La normativa assunta si propone di incentivare la copertura di sedi giudiziarie disagiate, approntando una disciplina di favore per il magistrato che manifesti disponibilità ad esservi trasferito d'ufficio (art. 1, comma 1).

È dunque pacifico che il ricorrente, odierno appellato, abbia prestato servizio a tale titolo per un periodo superiore a due anni alla data di deliberazione e pubblicazione del bando e che egli abbia perciò maturato il requisito della permanenza biennale nell'ufficio, secondo quanto oggi prevede il paragrafo 5, punto 20 della circolare n. 12046 del 2009 del Consiglio.

Viceversa, qualora egli fosse soggetto all'art. 194 dell'ordinamento giudiziario, come prescritto dal bando nella parte oggetto di impugnazione, non essendo in possesso del prescritto requisito di partecipazione di un effettivo esercizio della funzione presso la sede disagiata pari ad almeno tre anni (e, dunque, destinato a maturare solo il 19 settembre 2013, ovvero, dopo il 19 febbraio 2013, data prevista a pena di decadenza dal bando per proporre domanda), gli verrebbe negata la legittimazione al trasferimento: sarebbe così frustrata l'aspirazione del dott. E. a trasferirsi alle sedi vacanti di Roma, Venezia e Reggio Calabria (in tutti i casi, con funzioni di consigliere di Corte d'Appello), e per le quali ha, in ogni caso, presentato tempestiva domanda, anche al fine di radicare il proprio interesse all'impugnativa del bando.

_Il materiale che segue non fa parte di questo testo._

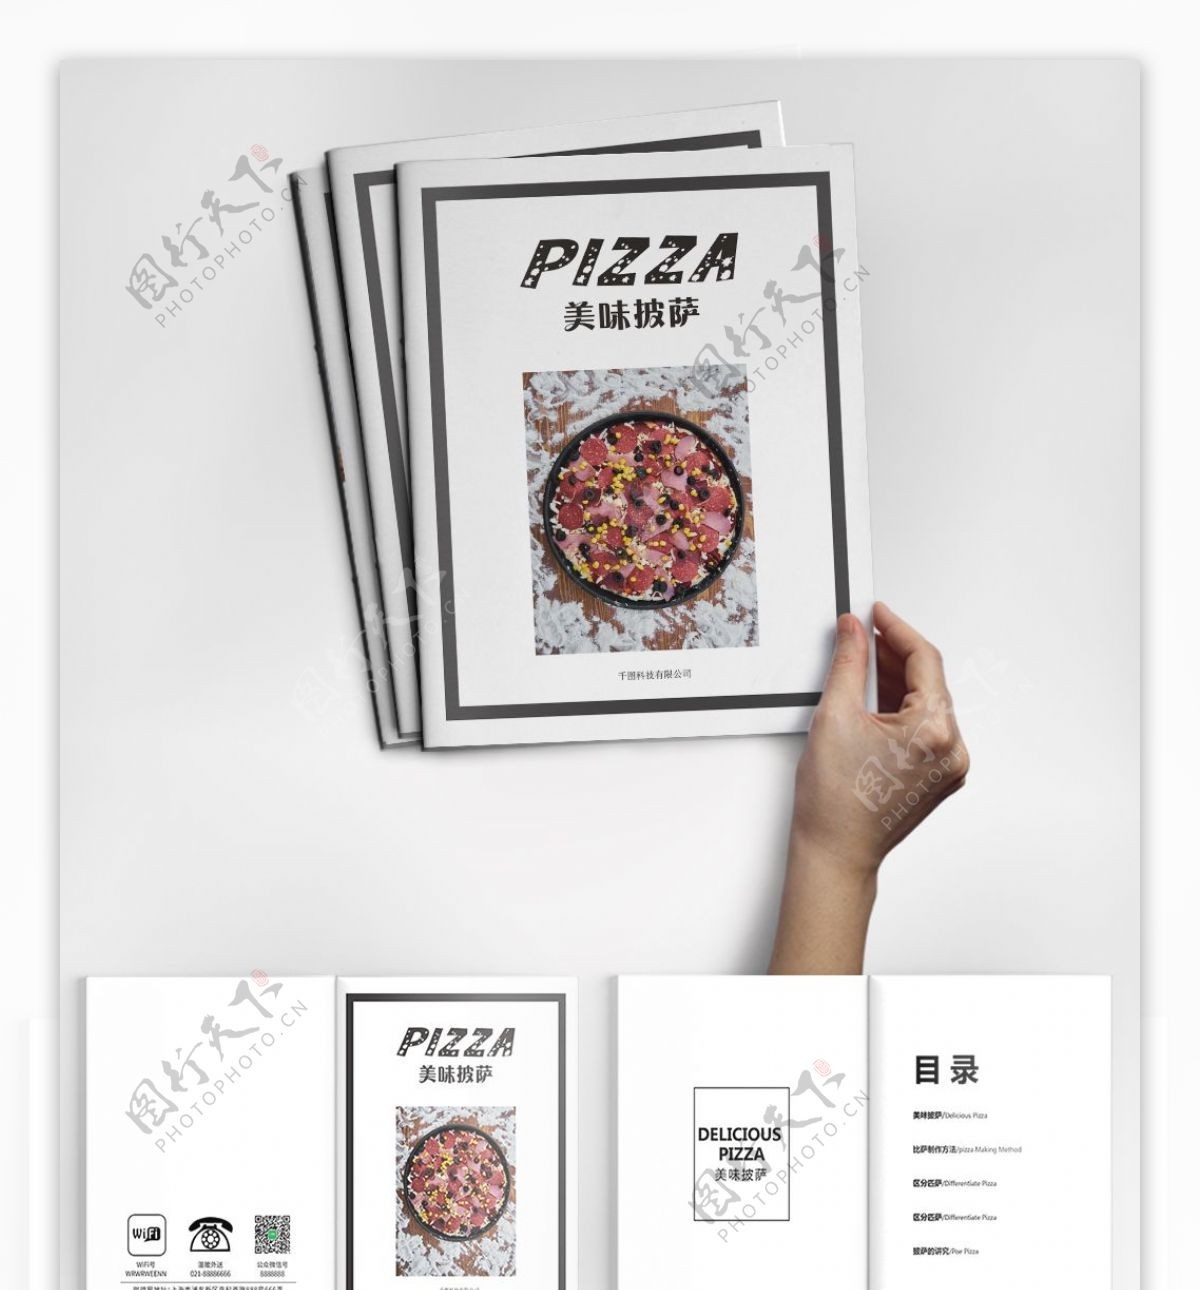 时尚简约高端大气披萨美食宣传促销画册

Il Tribunale, con ordinanza n. 2952/2013 ha sollevato questione di legittimità costituzionale, con riferimento agli artt. 3, 102 e 111, primo comma, della Costituzione, dell'art. 35, comma 3, del d.l. 9 febbraio 2012, n. 5 convertito dalla l. 4 aprile 2012, n. 35 nella parte in cui esso rende l'art. 194 del r.d. n. 12 del 1941 applicabile ai magistrati trasferiti d'ufficio a sede disagiata, ai sensi della l. n. 133 del 1998, prima dell'entrata in vigore della norma impugnata, disponendo al contempo la sospensione cautelare degli effetti del provvedimento impugnato.

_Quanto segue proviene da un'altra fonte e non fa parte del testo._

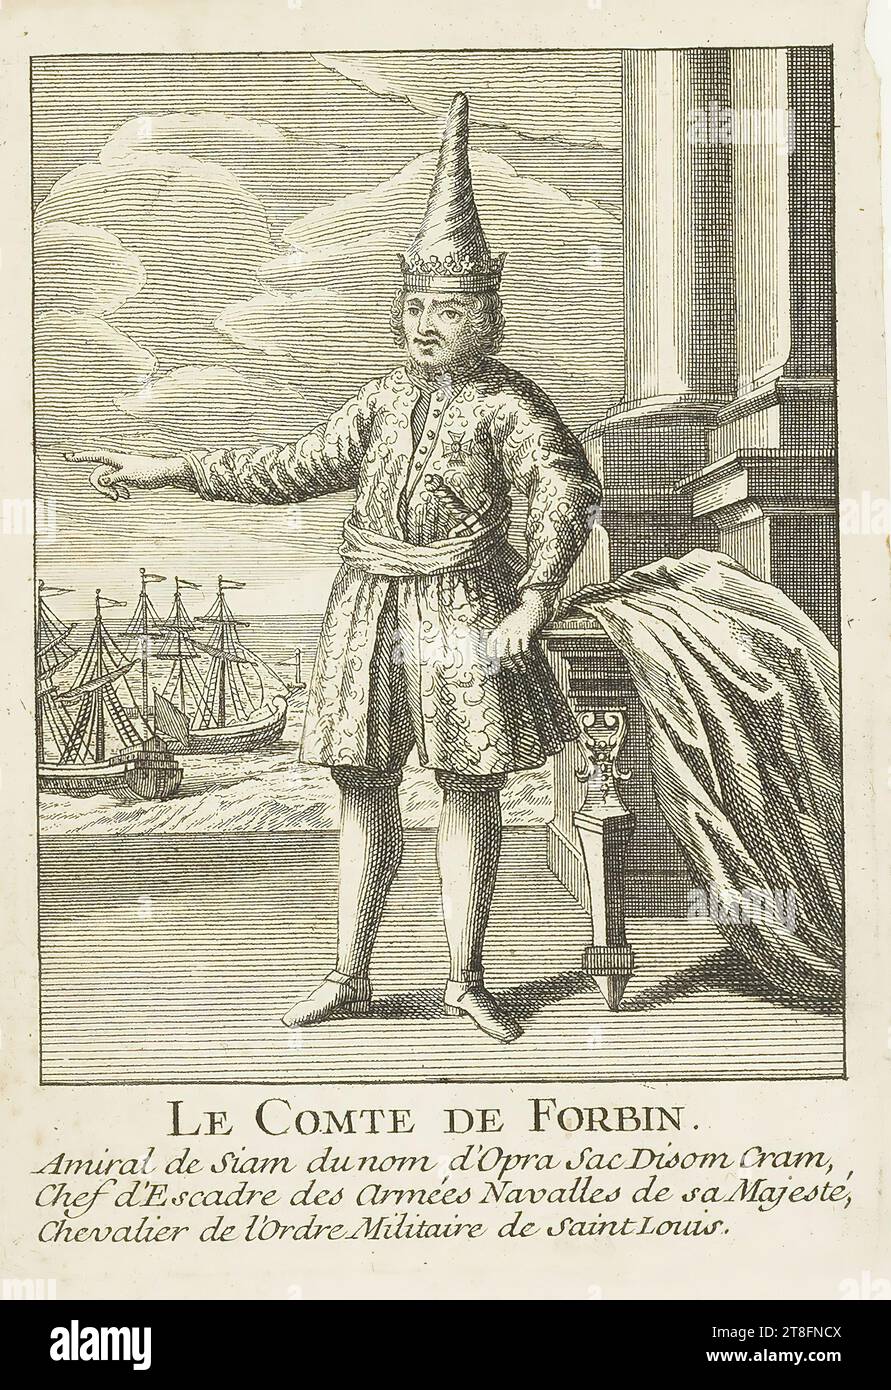 LE COMTE DE FORBIN., amiral du Siam du nom d'Opra Sac Disom Cram, chef d'escadron des armées navales de sa Majesté, chevalier de l'ordre militaire de Saint Louis Banque D'Images

Con il richiamato provvedimento il Collegio ha ricordato che l'art. 194 cit. prescrive un termine triennale di permanenza nella sede "da lui chiesta" per il magistrato che vi sia stato destinato, per trasferimento o per conferimento di funzioni; e che, secondo il tradizionale orientamento del CSM, avvalorato dalla giurisprudenza amministrativa, si riteneva che simile prescrizione potesse rilevare per i soli trasferimenti a domanda e non già per le ipotesi di trasferimento d'ufficio, tra le quali venivano accomunati i trasferimenti coattivi (ovvero disposti in sede disciplinare o per ragioni di incompatibilità) ed i trasferimenti per i quali il magistrato si sia limitato a manifestare disponibilità ad accettarlo.

Secondo dette coordinate, dunque, all'epoca in cui il dott. E. era assegnato al Tribunale di Reggio Calabria, poteva essergli opposto, per tale profilo, esclusivamente il limite di permanenza biennale.

In ordine alla seconda censura la difesa del Dott. E. rileva che lo stesso ha accettato il trasferimento presso la sede disagiata di Reggio Calabria nel 2010 quando era pacifico, sia in giurisprudenza che presso il Consiglio Superiore della Magistratura, l'esistenza di un vincolo biennale di permanenza nell'ufficio.

Pertanto, applicare retroattivamente una disciplina, nella sostanza innovativa e penalizzante, al magistrato che abbia accettato la sede disagiata, fidando nella facoltà di abbandonarla dopo due anni anziché tre continua ad apparire di dubbia costituzionalità.

Ciò premesso, il Collegio è dunque chiamato a pronunciarsi sulla legittimità o meno dell'apposizione del termine triennale di cui al r.d. 30 gennaio 1941, nei sensi di cui all'art. 35, comma 3, del d.l. n. 5/2012 e in particolare dell'applicabilità di siffatto termine triennale a tutti i concorrenti, anche quelli, come il dott. E., che sono stati in precedenza trasferiti in una sede c.d. disagiata ai sensi della l. n. 133/1998 e successive modificazioni.

Dunque, come già accennato, il Consiglio Superiore della Magistratura e il Ministero della Giustizia sostengono la erroneità della decisione de qua per contrasto con il termine triennale evincibile dall'art. 194 r.d. n. 12 del 1941 ed applicabile in via generale, secondo l'interpretazione già seguita dal CSM precedentemente all'entrata in vigore della norma interpretativa di cui all'art. 35, comma 3, del d.l. n. 5/2012, nel senso che non sarebbero ammesse distinzioni tra magistrati che occupino la sede a seguito di trasferimento d'ufficio o a domanda.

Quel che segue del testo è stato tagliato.